I have a batch of files with names like: 78887_16667_MR12_SMITH_JOHN_713_1.pdf
I need to retain the first three sets of numbers and remove everything between the third "_" and "_1.pdf".
So this: 78887_16667_MR12_SMITH_JOHN_713_1.pdf
Becomes this: 78887_16667_MR12_1.pdf
Ideally, I'd like to be able to just use the 3rd "_" as the break as the third set of numbers sometimes includes 3 characters, sometimes 4 characters (like the example) and other times, 5 characters.
If I used something like this:
Get-ChildItem Default_*.pdf | Rename-Item -NewName {$_.name -replace...

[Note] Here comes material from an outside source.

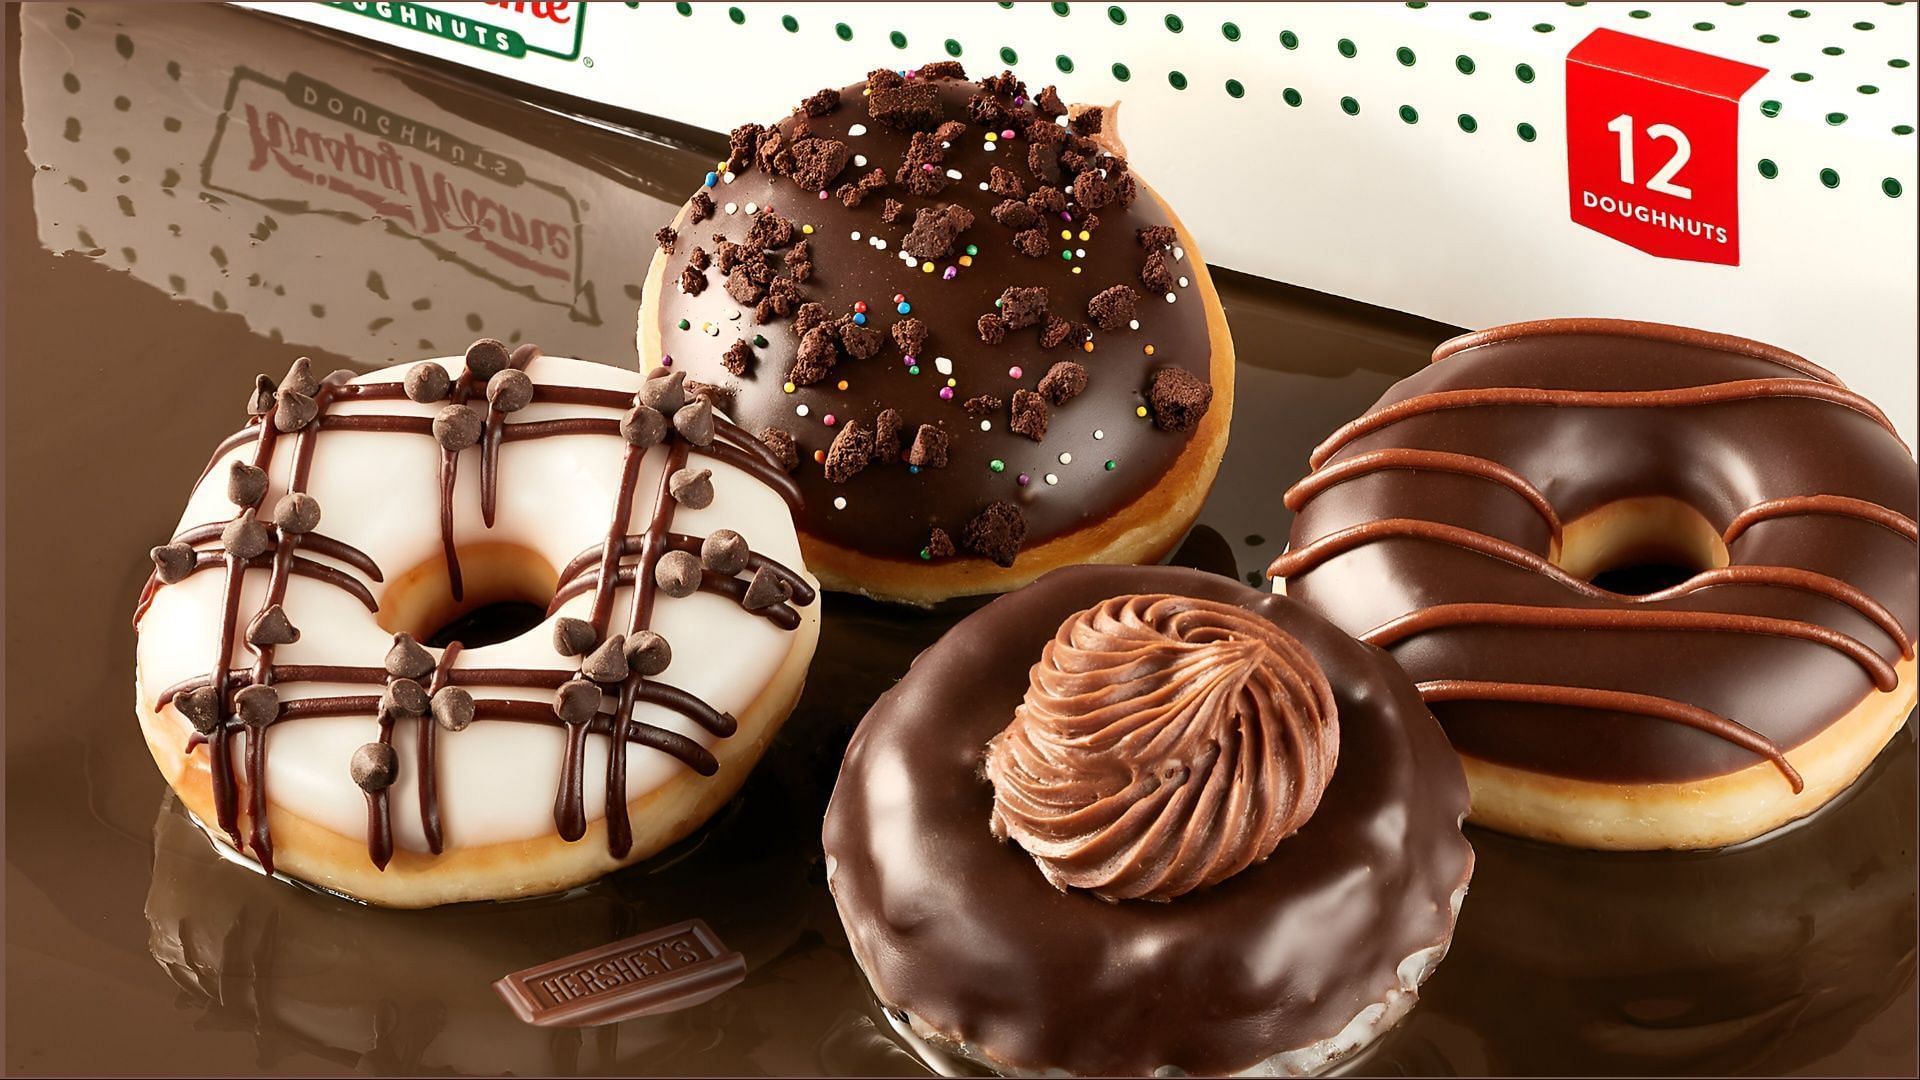 Krispy Kreme unveils new Chocomania doughnut collection (Image via Krispy Kreme)
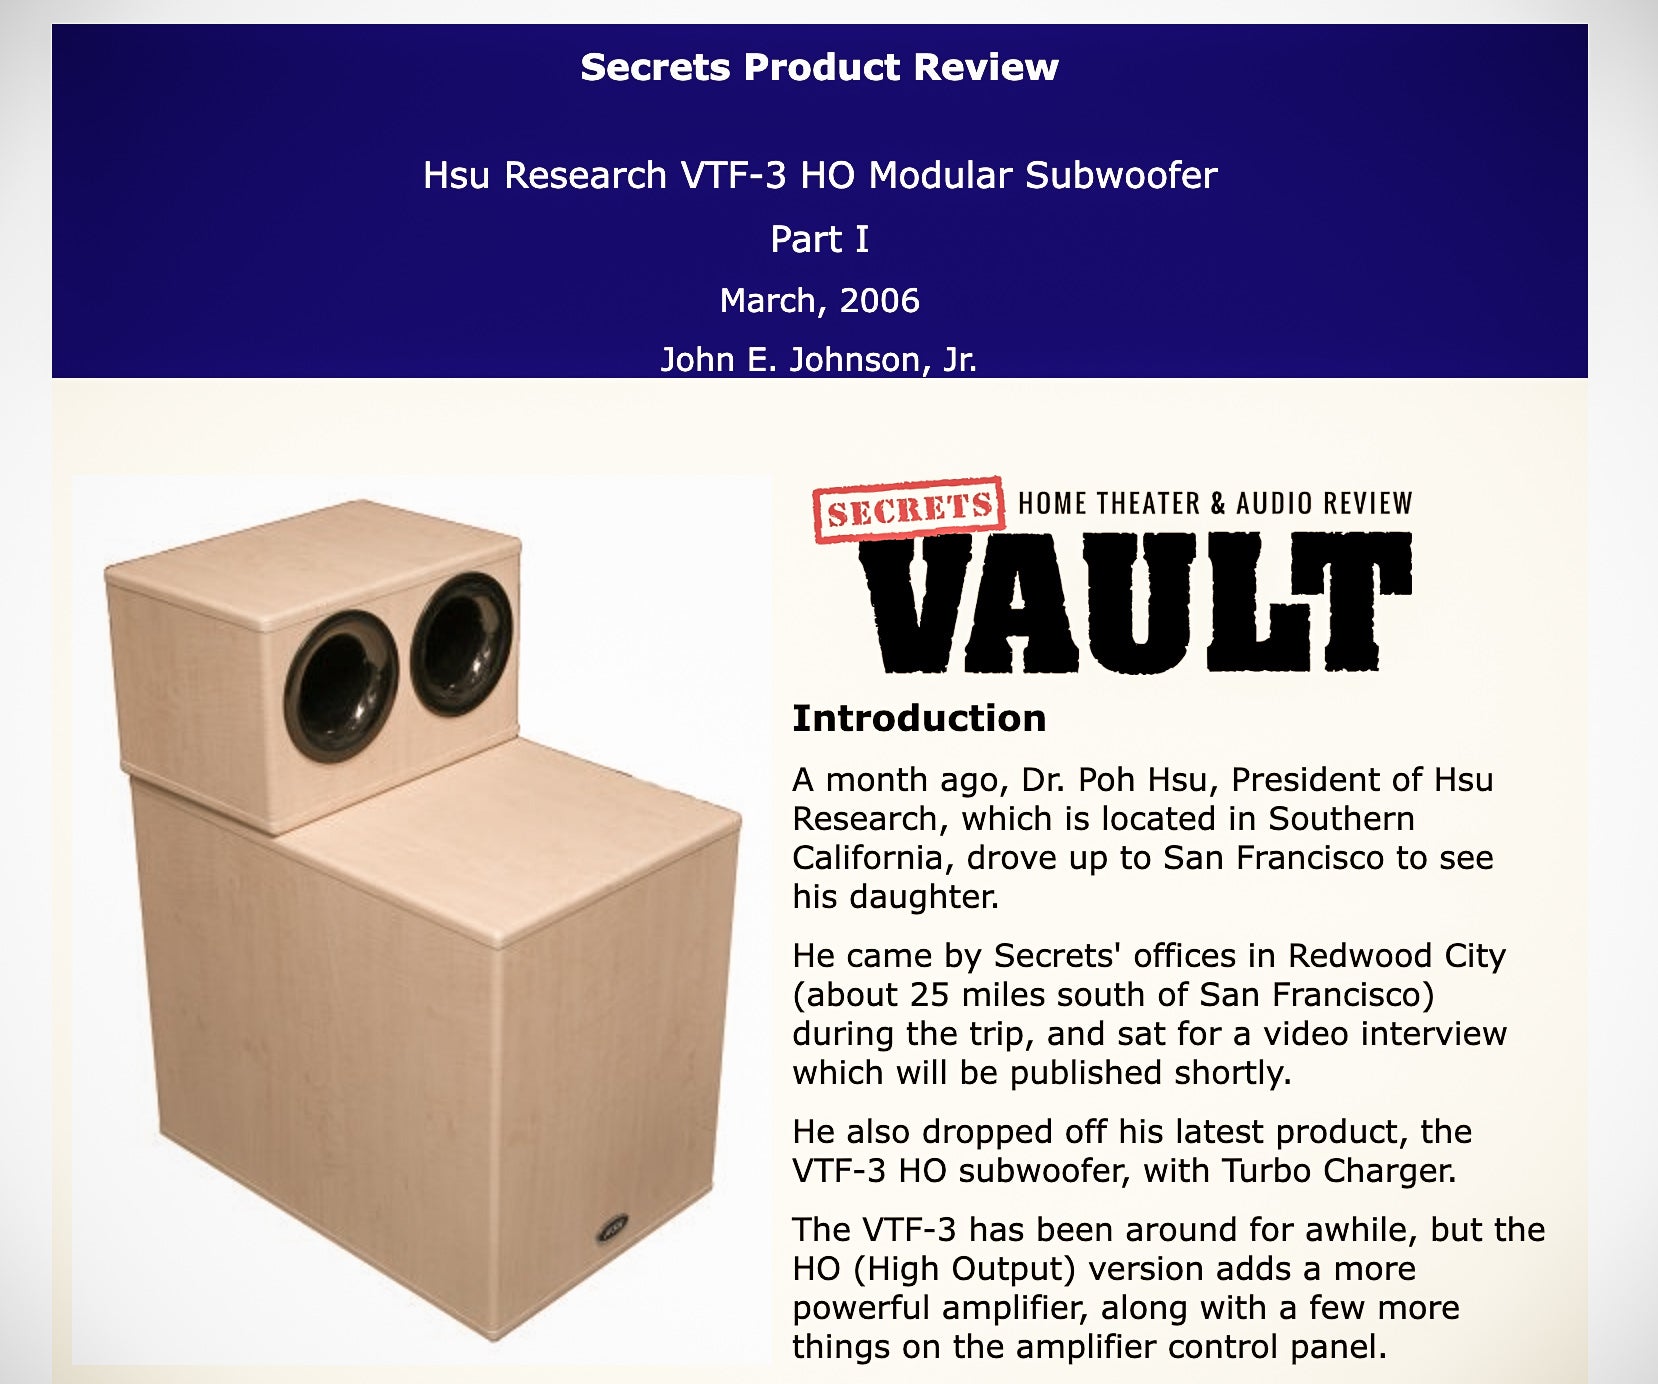 Secrets Home Theater & Audio Review: VTF-3 HO Modular Subwoofer

...and then I'm stuck: can I state that everything from the 3rd "" and the 6th "" should be replaced with "" (nothing)? My understanding that I'd include ".Extension" to also save the extension, too.
You can use the -split
operator to split your name into _
-separated tokens, extract the tokens of interest, and then join them again with the -join
operator:
PS> ('78887_16667_MR12_SMITH_JOHN_713_1.pdf' -split '_')[0..2 + -1] -join '_'
78887_16667_MR12_1.pdf
0..2
extracts the first 3 tokens, and -1
the last one (you could write this array of indices as 0, 1, 2, -1
as well).
Applied in the context of renaming files:
Get-ChildItem -Filter *.pdf | Rename-Item -NewName {
($_.Name -split '_')[0..2 + -1] -join '_'
} -WhatIf
Common parameter -WhatIf
previews the rename operation; remove it to perform actual renaming.